Multi-aspect Knowledge Distillation with Large Language Model
Taegyeong Lee, Jinsik Bang, Soyeong Kwon, Taehwan Kim
TL;DR
This work tackles the challenge of fine-grained image classification by moving beyond class-label supervision to transfer diverse, abstract knowledge through multi-aspect distillation. It generates multi-aspect questions with an LLM, extracts corresponding logits from an MLLM, and expands the student’s output to distill these aspect logits using a MaKD loss in addition to standard cross-entropy. Empirical results across six fine-grained and two coarse-grained datasets show consistent improvements over baselines, with ablations confirming the benefits of binary cross-entropy for MaKD and the value of more aspects. The approach also demonstrates extensibility to traditional knowledge distillation, object detection, and limited-data settings, highlighting a practical path to inject visual and contextual understanding from language models into vision systems.
Abstract
Recent advancements in deep learning have significantly improved performance on computer vision tasks.
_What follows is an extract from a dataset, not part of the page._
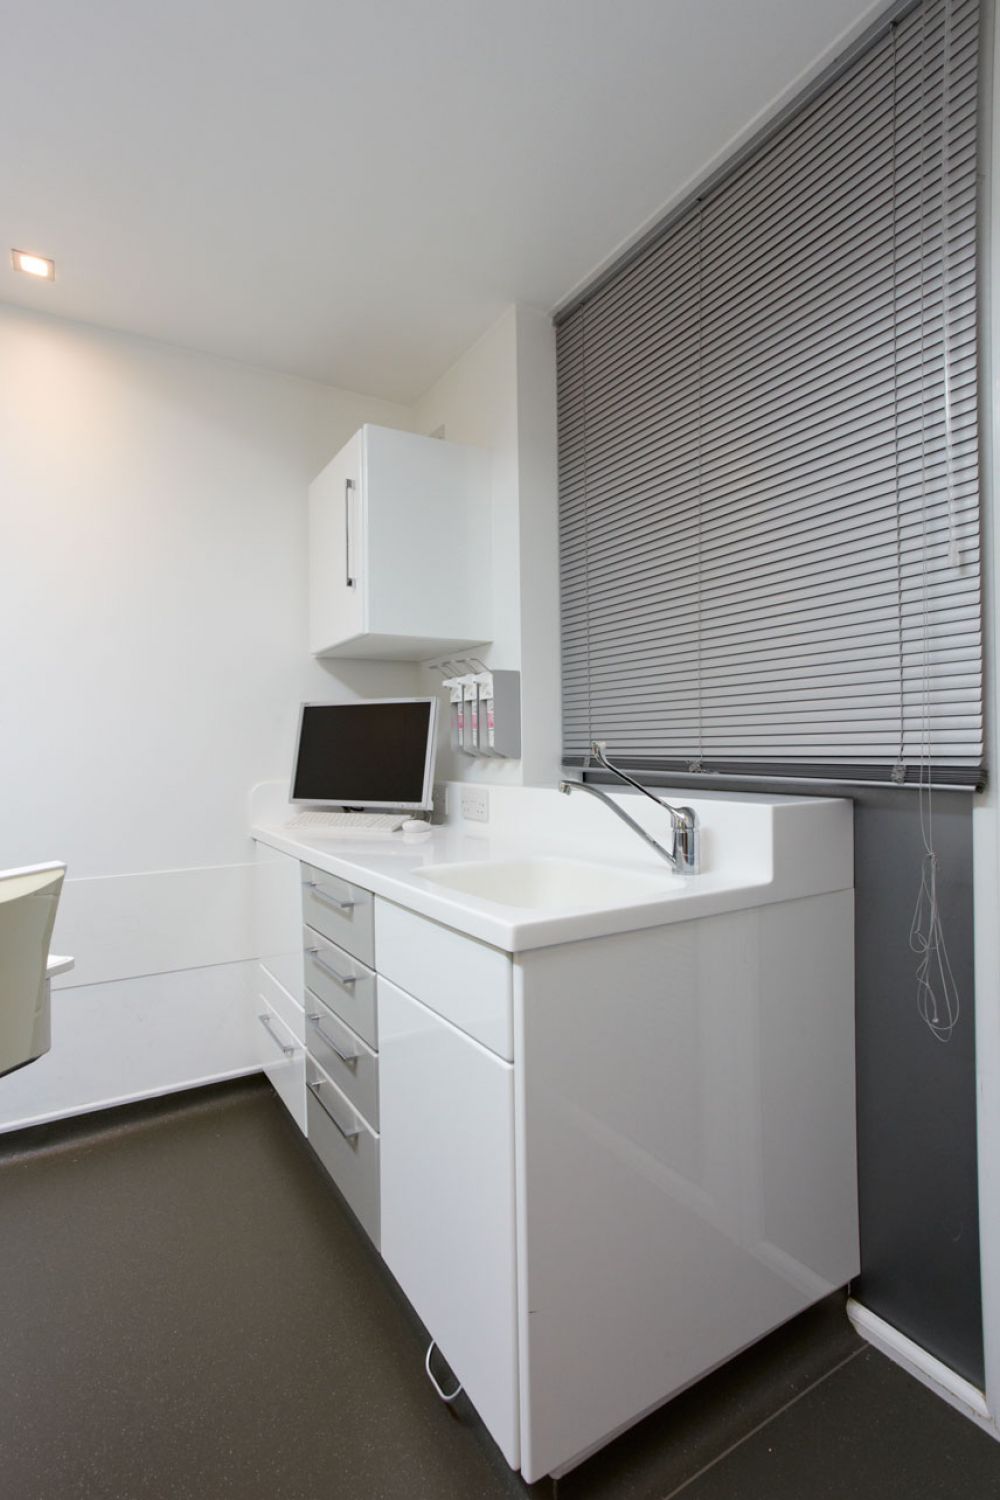 Dental Cabinetry
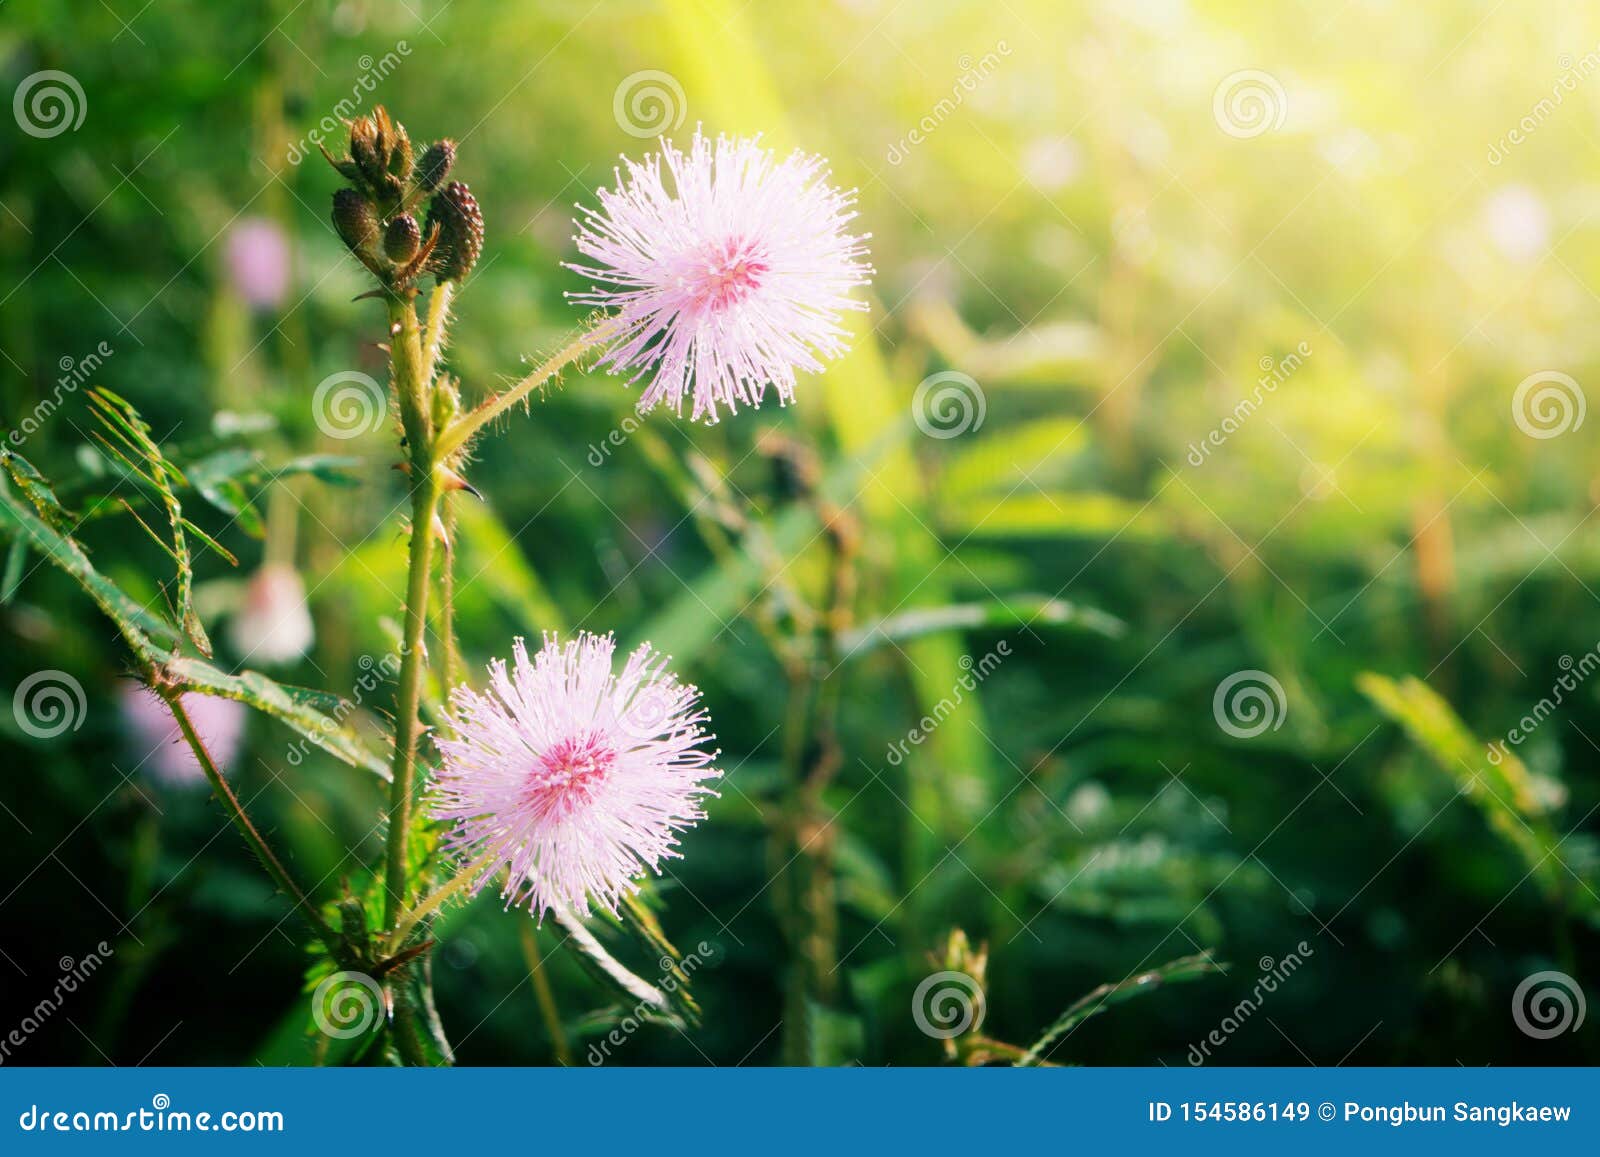 Touch Me Not Flower Blooming at Sunrise Stock Image - Image of mimosa,  environment: 154586149

Previous image classification methods primarily modify model architectures or add features, and they optimize models using cross-entropy loss on class logits. Since they focus on classifying images with considering class labels, these methods may struggle to learn various \emph{aspects} of classes (e.g., natural positions and shape changes). Rethinking the previous approach from a novel view, we propose a multi-aspect knowledge distillation method using Multimodal Large Language Models (MLLMs). Our approach involves: 1) querying Large Language Model with multi-aspect questions relevant to the knowledge we want to transfer to the model, 2) extracting corresponding logits from MLLM, and 3) expanding the model's output dimensions to distill these multi-aspect logits. We then apply cross-entropy loss to class logits and binary cross-entropy loss to multi-aspect logits. Through our method, the model can learn not only the knowledge about visual aspects but also the abstract and complex aspects that require a deeper understanding. We primarily apply our method to image classification, and to explore the potential for extending our model, such as object detection. In all experimental results, our method improves the performance of the baselines. Additionally, we analyze the effect of multi-aspect knowledge distillation. These results demonstrate that our method can transfer knowledge about various aspects to the model and the aspect knowledge can enhance model performance in computer vision tasks.